FASP bitterly rejects the efforts of the special committee of the Board that Mr. Lipton set up to offer new mechanisms for faculty participation in University decision-making. It’s worth noting those changes and asking oneself if Mr. Lipton and the others on the Board are really as dismissive as FASP suggests:
- The creation of a new Joint Committee to provide for direct communication, collaboration, and discussion between Trustees, faculty selected from within their schools, and student and Administrative Management Council leadership
- A commitment to include faculty and student representation in upcoming searches for president
- A Commitment that faculty will democratically choose at least half the membership of University-wide committees.
- A commitment to work with the University Senate to create a way for non-tenure track faculty can have a voice in university governance.

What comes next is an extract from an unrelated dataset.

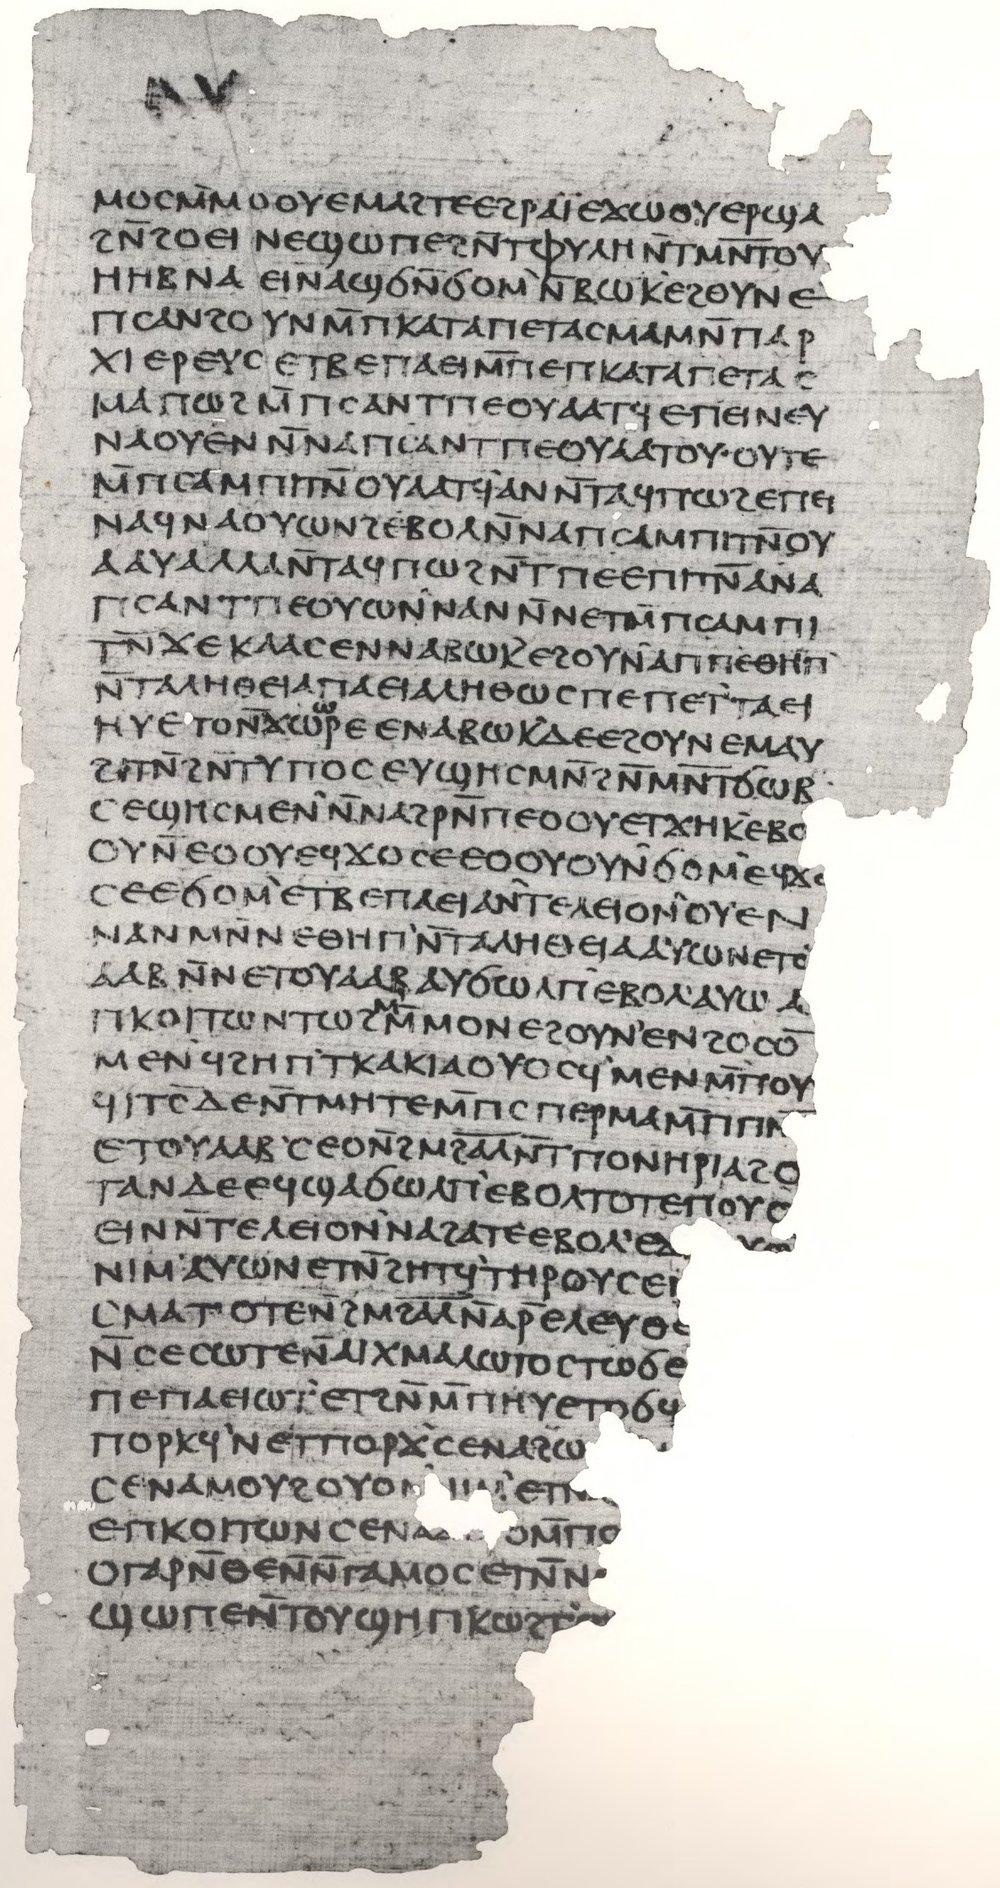 Gospel_of_Philip_facsimile_Page_85.jpg

A University needs people of Mr. Lipton’s commitment to grow and function. We can be certain that NYU will not be able to continue on its current trajectory if people who are willing to donate their time and money, and who believe in the University and its mission, can routinely expect the extreme, vitriolic, and dismissive treatment that FASP directs as those with whom it disagrees, imputing to them the basest of motives.
There are clearly faculty who disagree with the direction of the University; some feel very strongly indeed. An exchange of opinions and ideas on that topic is healthy and constructive. But there is a point at which rhetoric just scorches the earth. This past summer, in an earlier missive from FASP, they belittled NYU’s academics, its students, and its progress. There were claims in that missive that were verifiably untrue, and refuted by Provost David McLaughlin in a letter of response to faculty.
NYU thrives on the energy of its community, and that often includes disagreements. But I would suggest that, particularly in a university, we must all stick to the facts and hold to basic norms of civility.